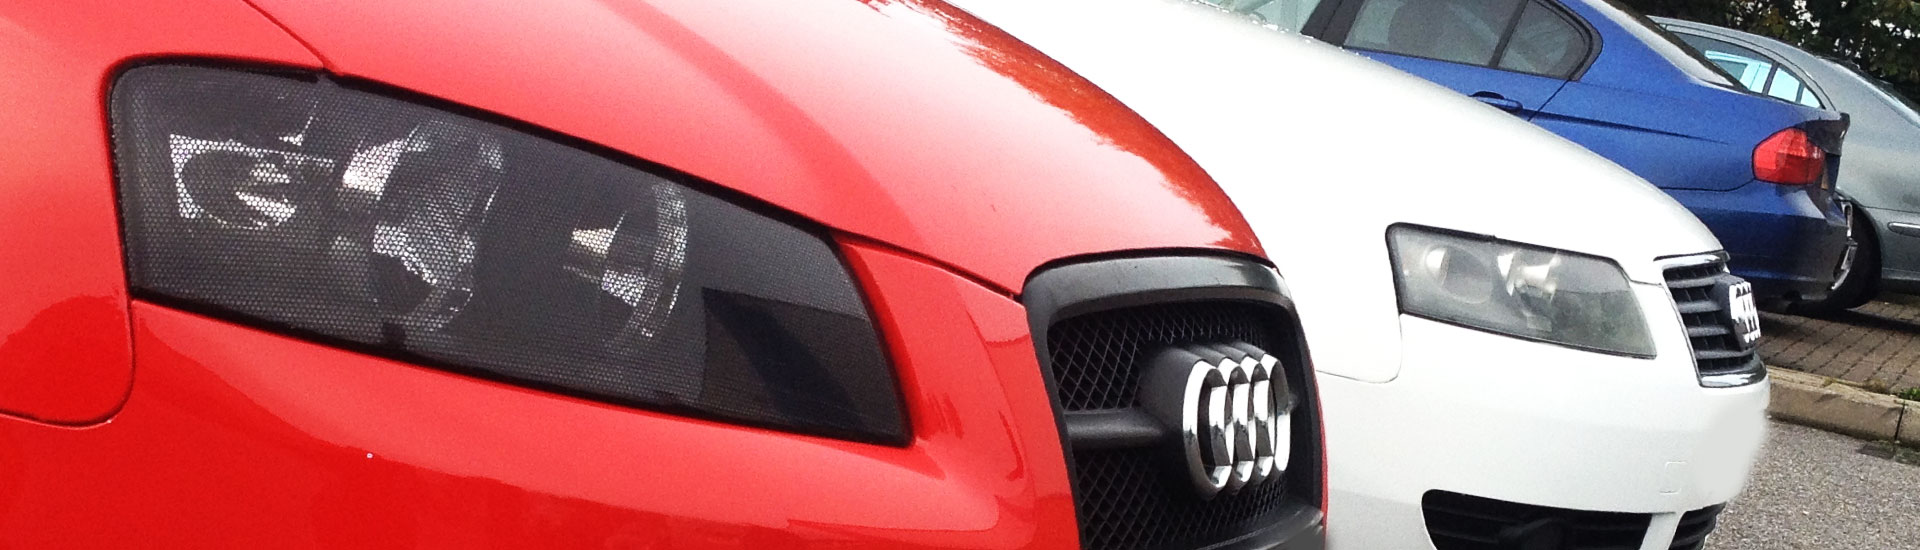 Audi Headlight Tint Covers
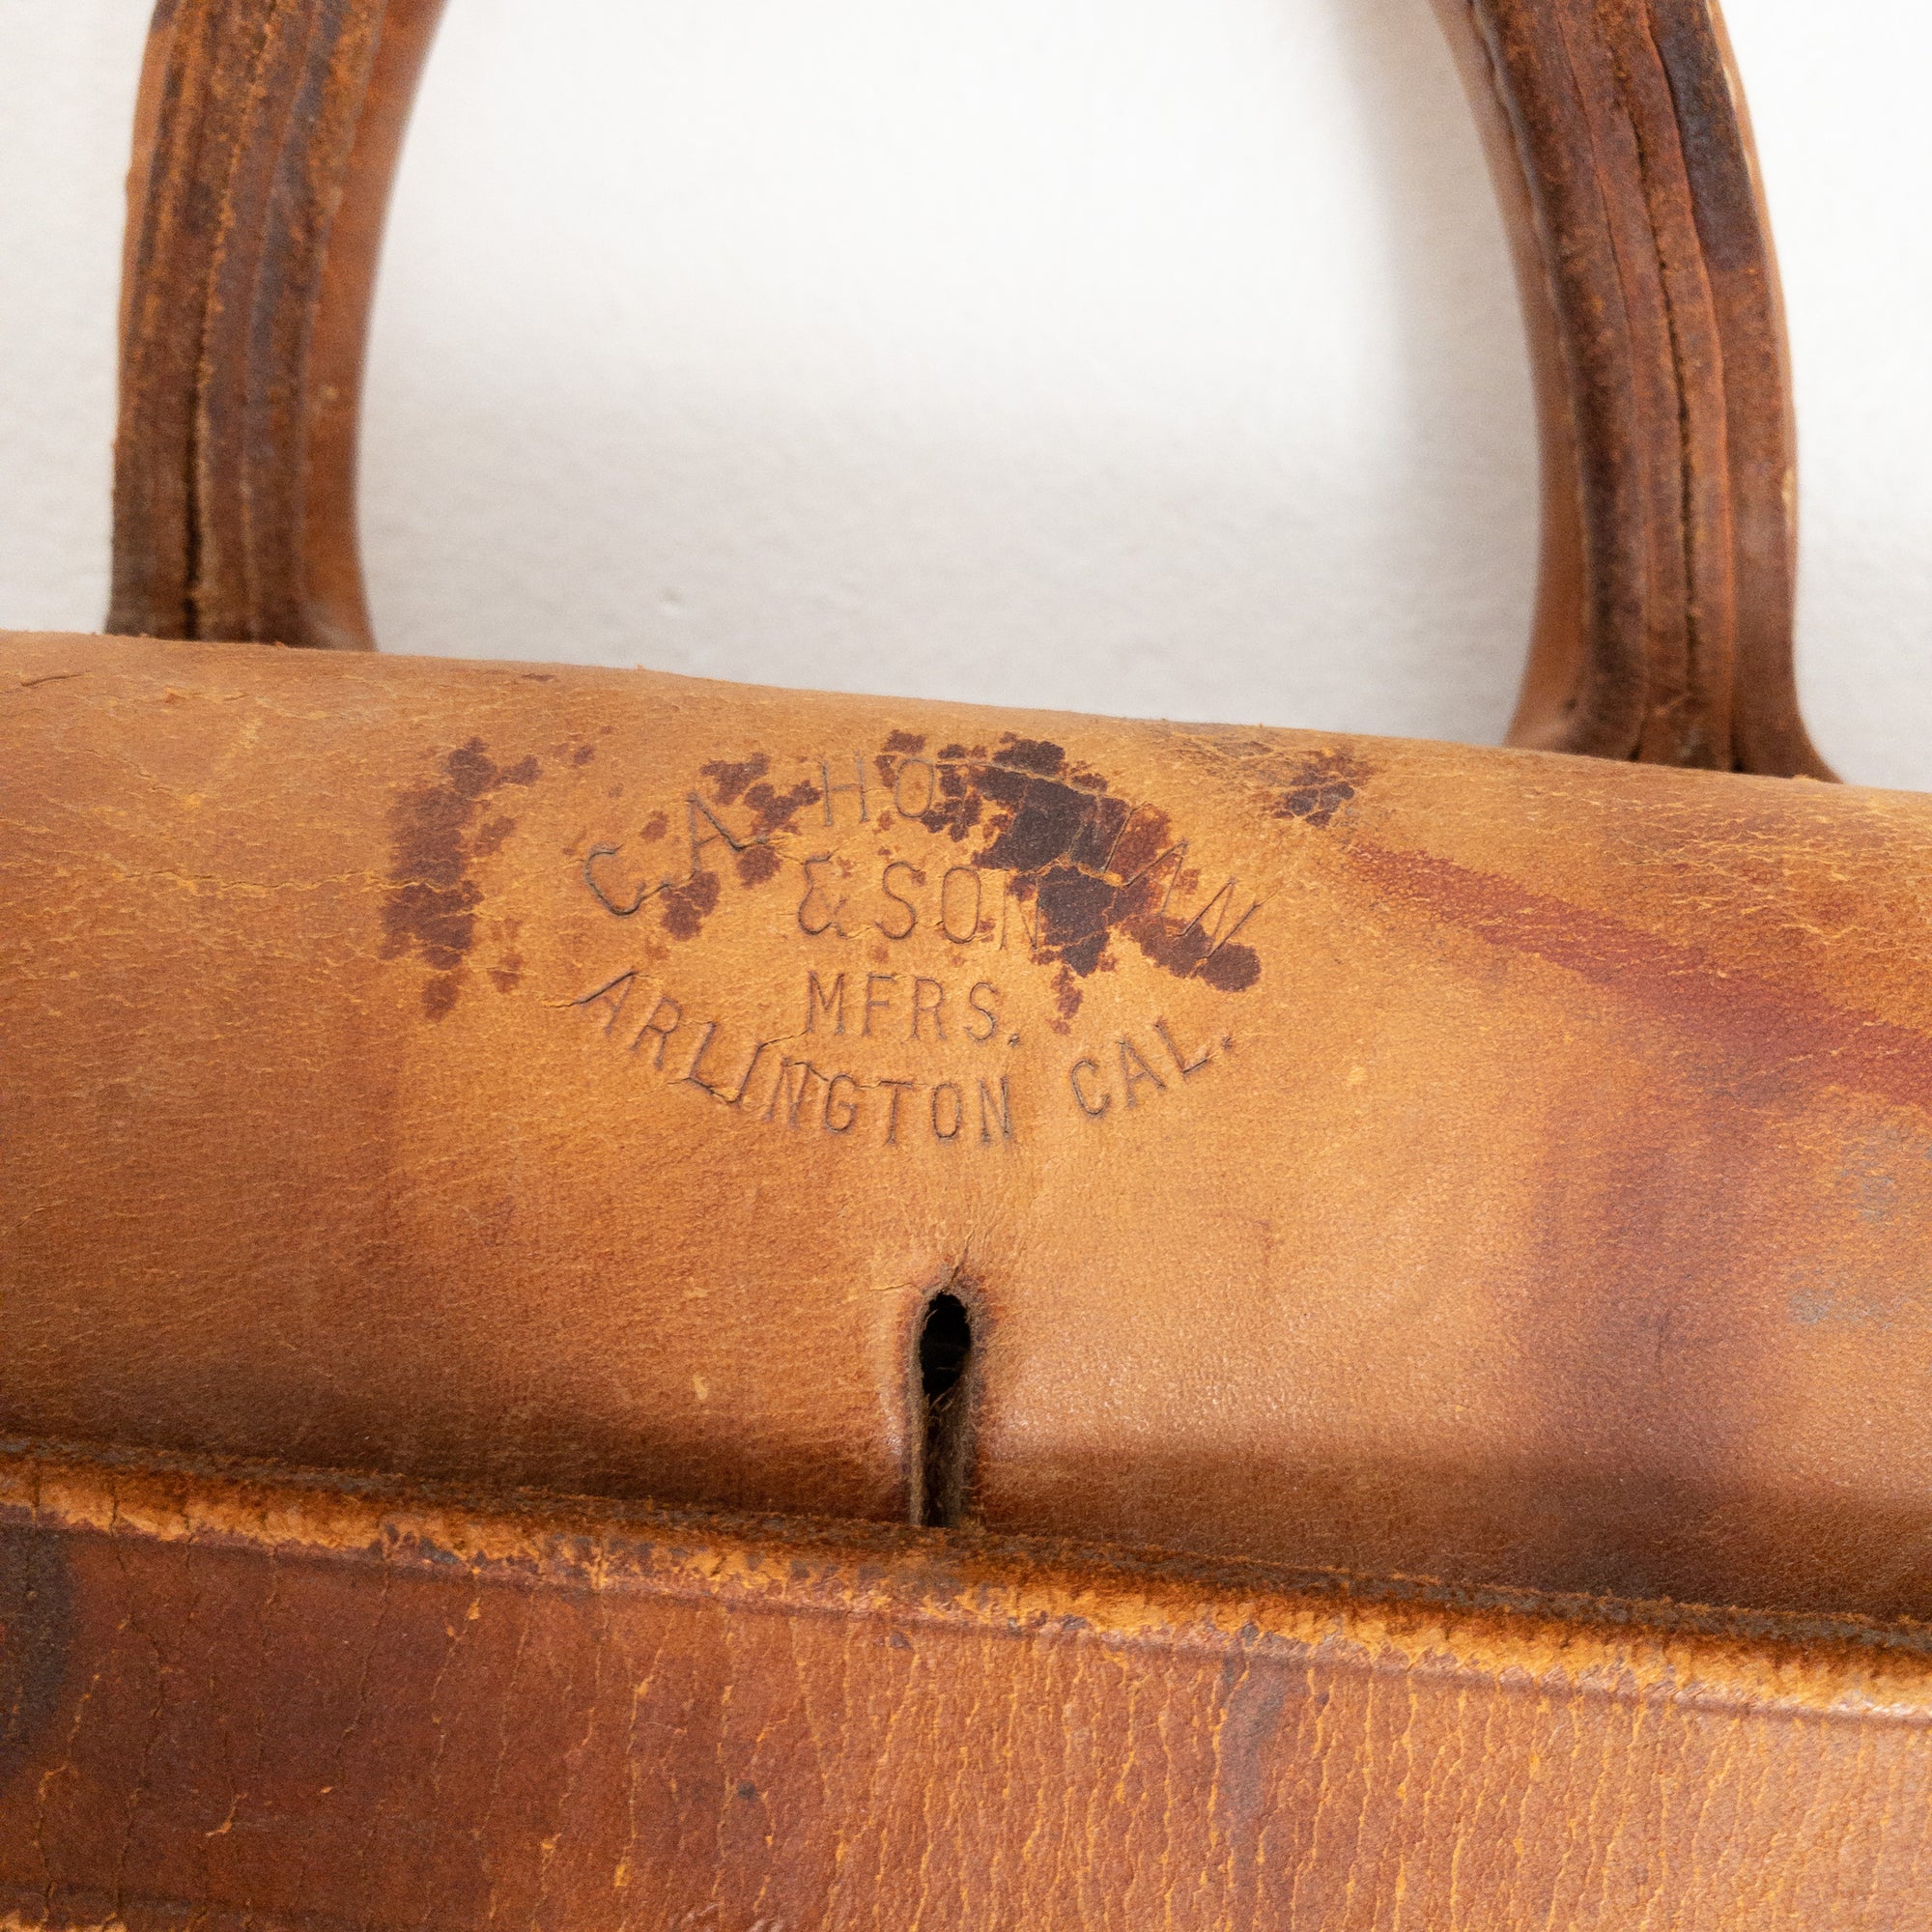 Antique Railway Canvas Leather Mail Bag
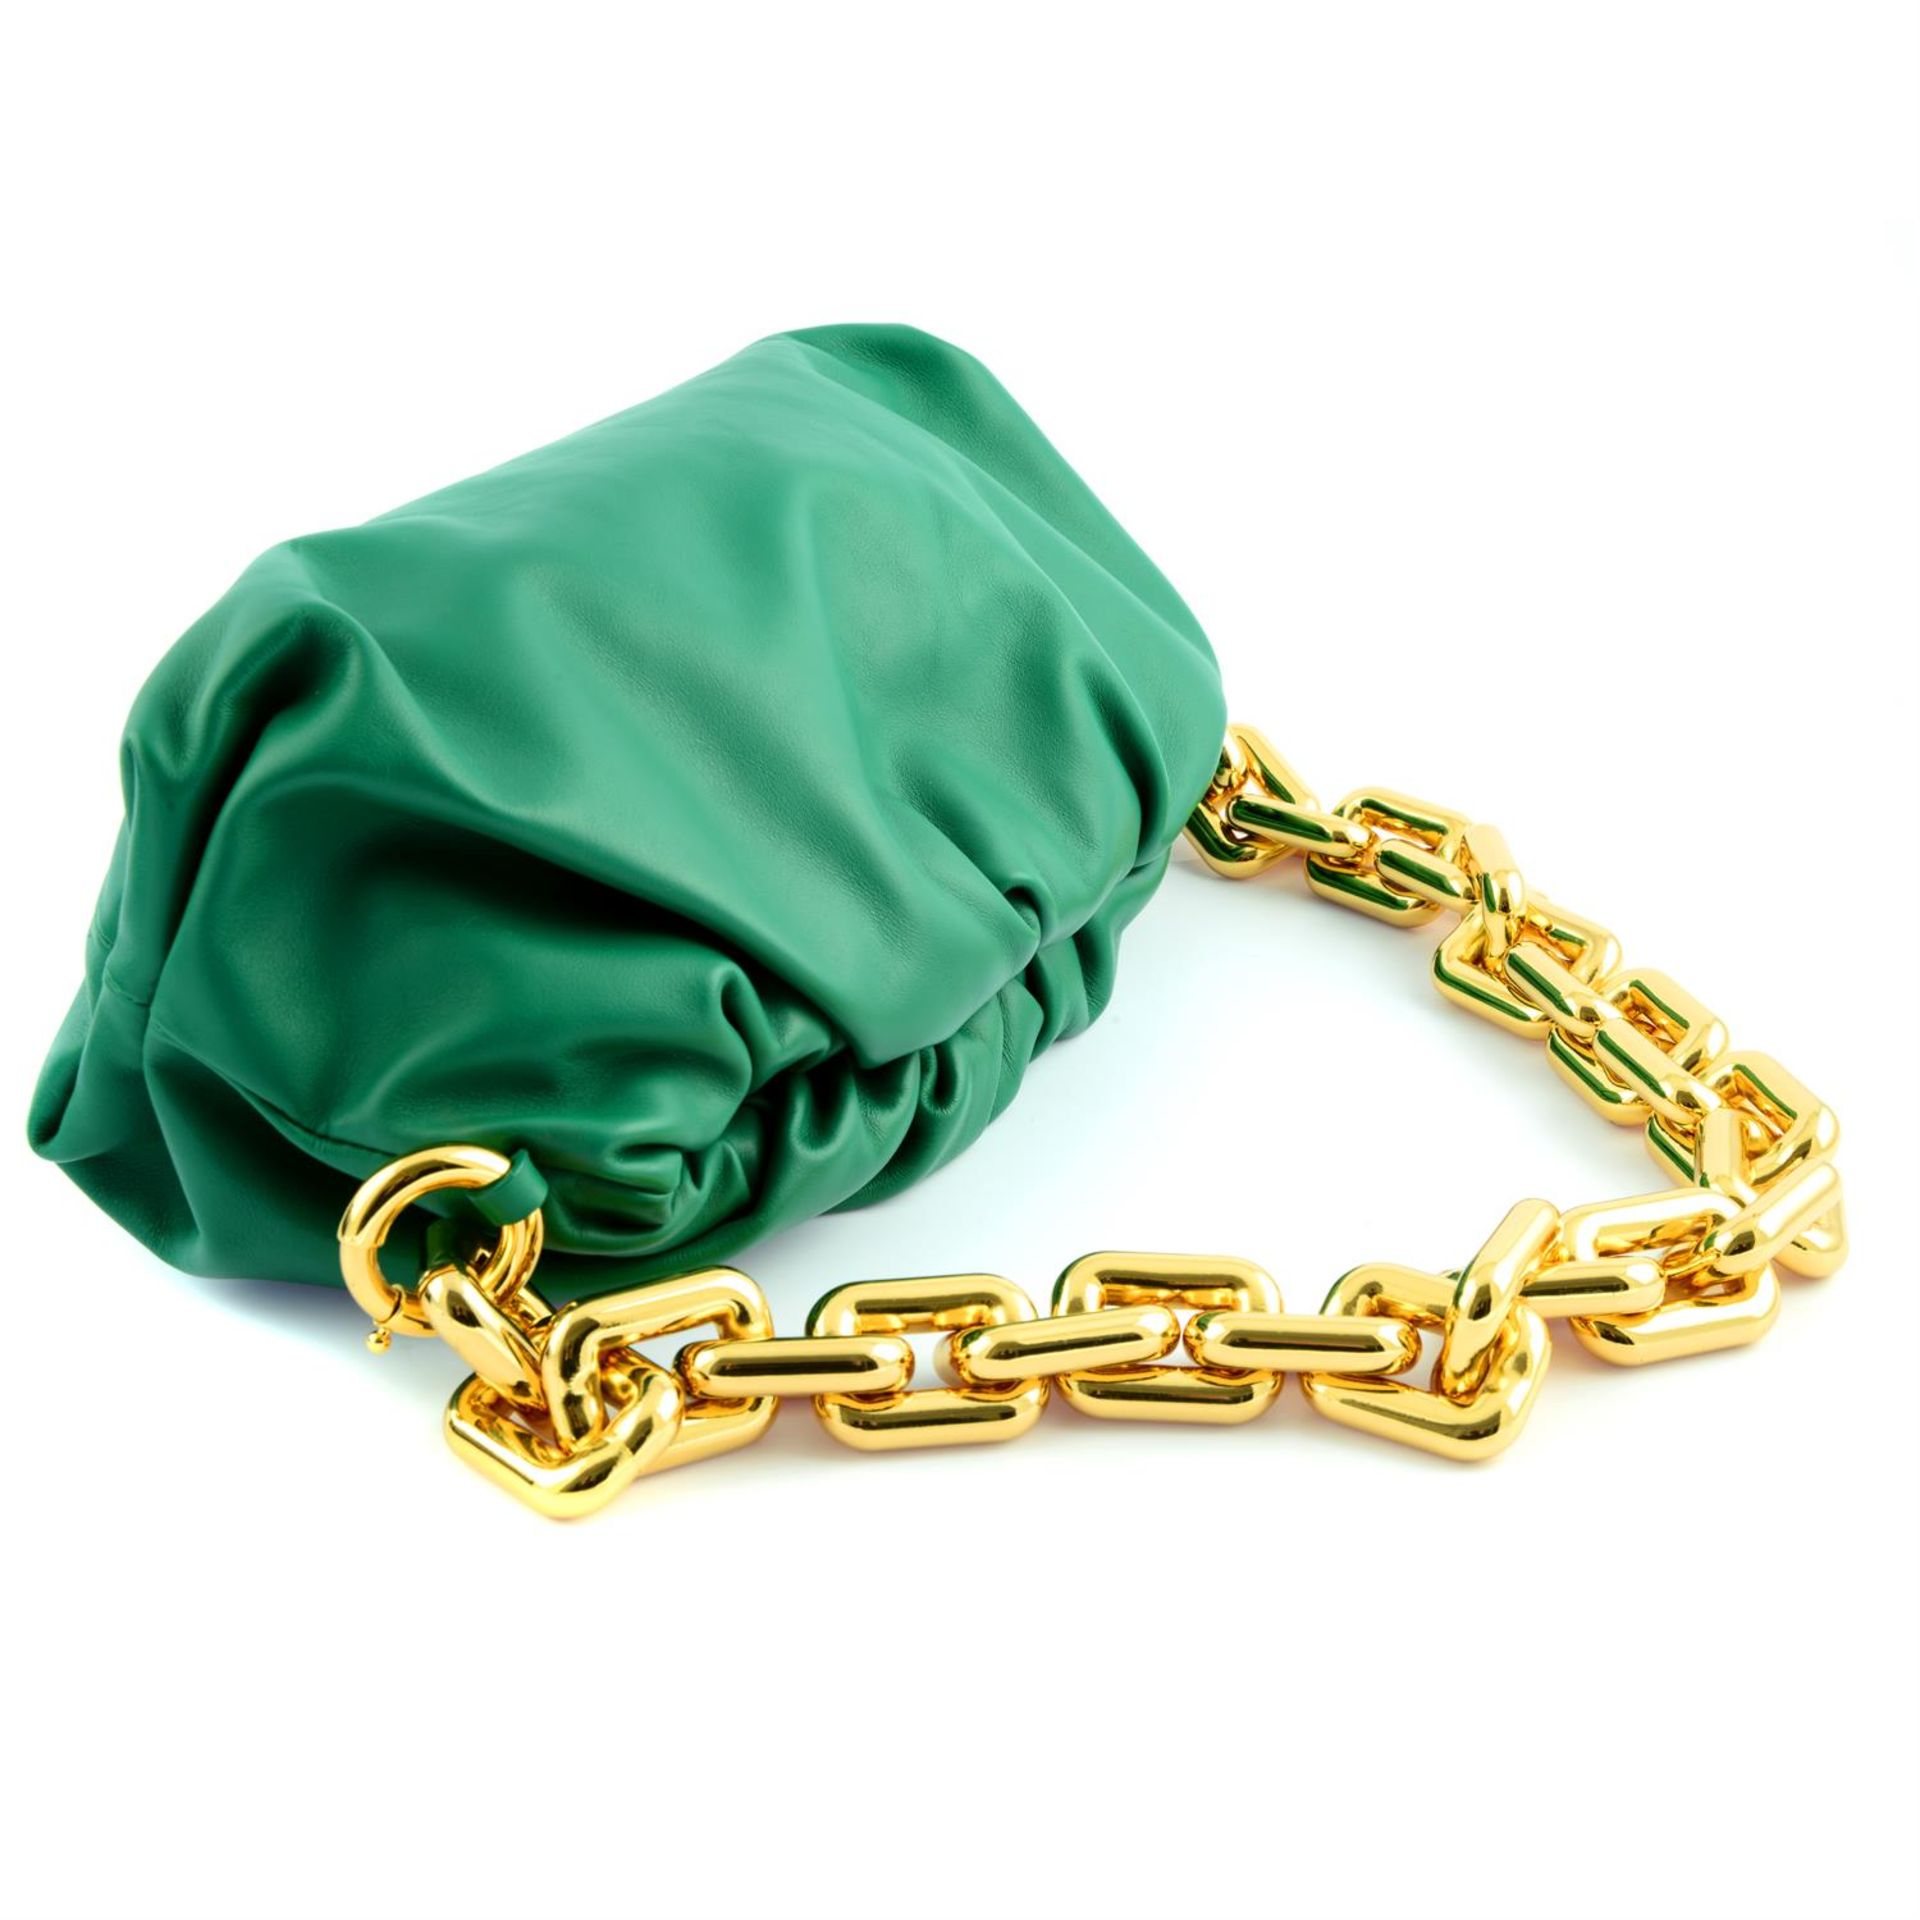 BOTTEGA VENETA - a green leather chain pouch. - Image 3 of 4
==================================================
:: Task details ::
Skip the pictures and write out exactly the lines from the line containing "Antique Railway Canvas Leather Mail Bag" through the end of the listing above.

:: Written solution ::
 Antique Railway Canvas Leather Mail Bag
 BOTTEGA VENETA - a green leather chain pouch. - Image 3 of 4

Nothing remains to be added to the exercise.